▶ [TASK TO CARRY OUT] From first line to last, copy the listing exactly and omit its pictures.

▶ [RECORDED INFORMATION]
------------------------------

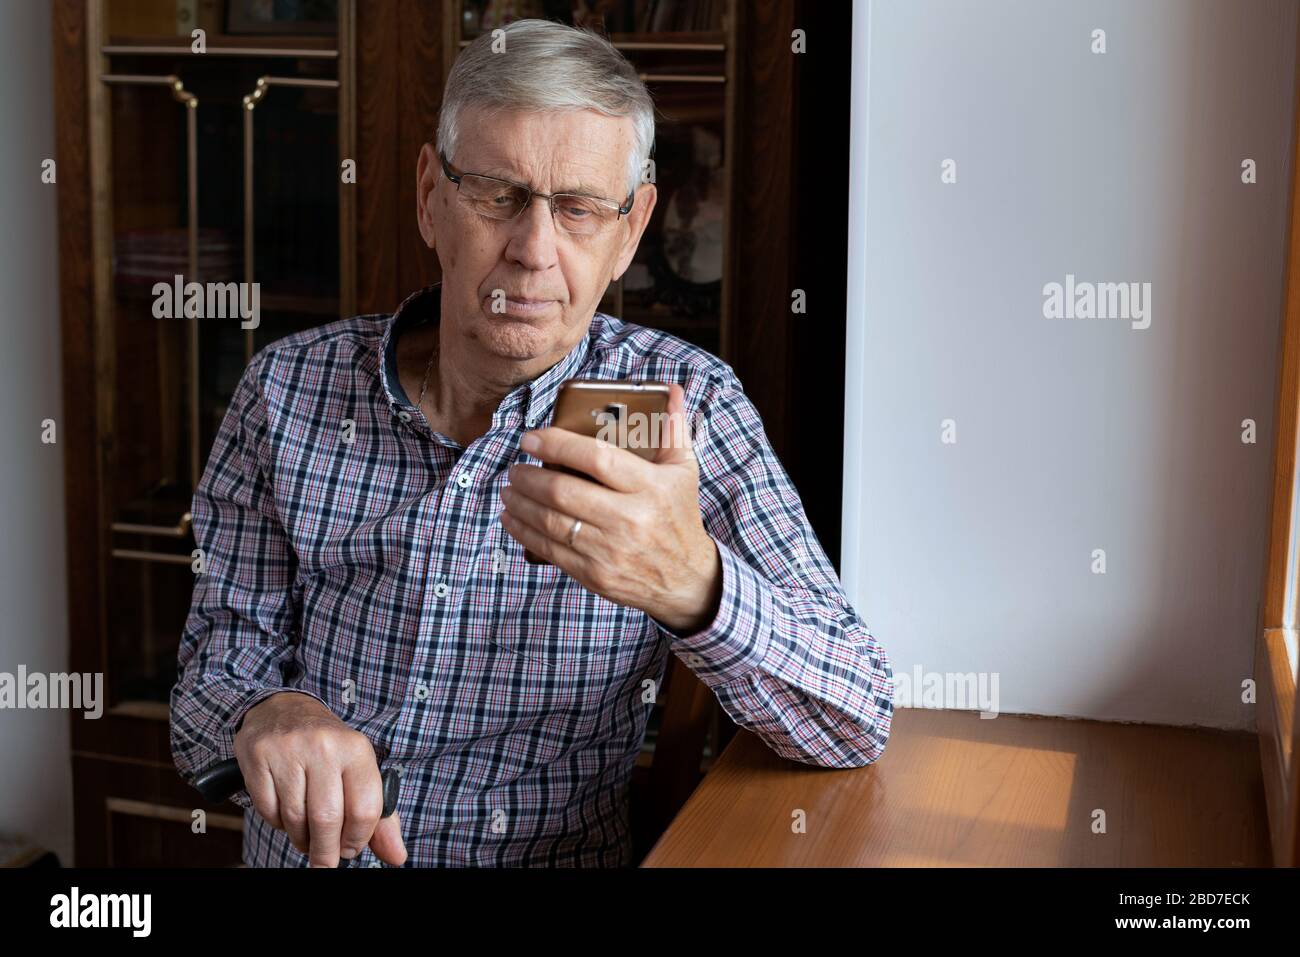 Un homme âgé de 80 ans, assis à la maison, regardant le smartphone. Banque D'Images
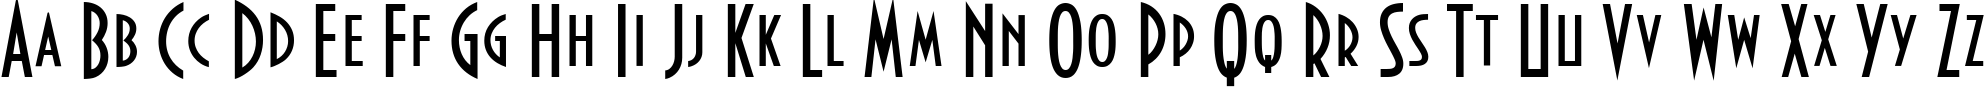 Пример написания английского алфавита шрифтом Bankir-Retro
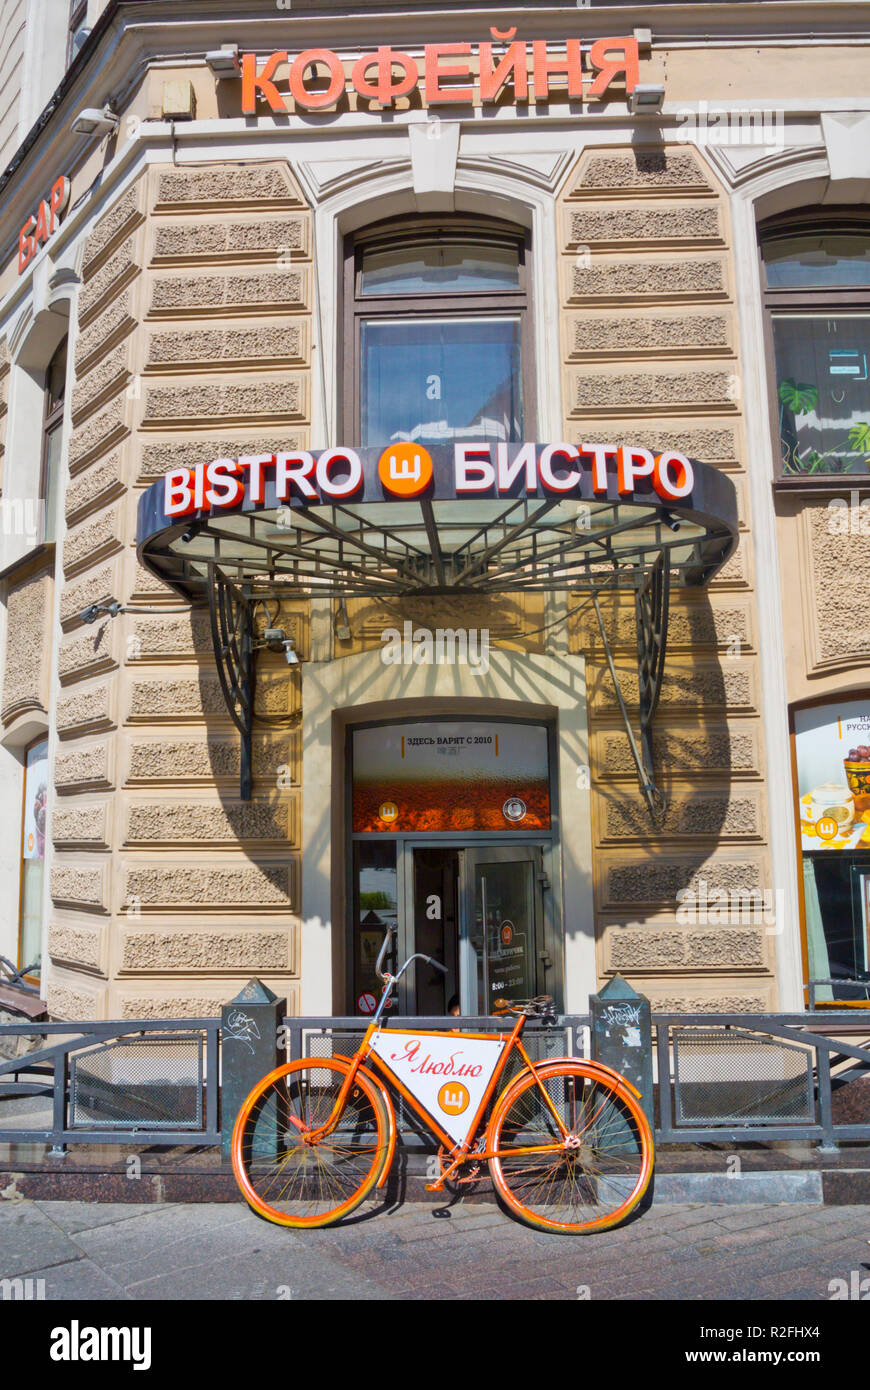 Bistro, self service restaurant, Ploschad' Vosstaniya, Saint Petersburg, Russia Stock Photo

------------------------------

▶ [EXERCISE OUTPUT]
 Un homme âgé de 80 ans, assis à la maison, regardant le smartphone. Banque D'Images
 Пример написания английского алфавита шрифтом Bankir-Retro
 Bistro, self service restaurant, Ploschad' Vosstaniya, Saint Petersburg, Russia Stock Photo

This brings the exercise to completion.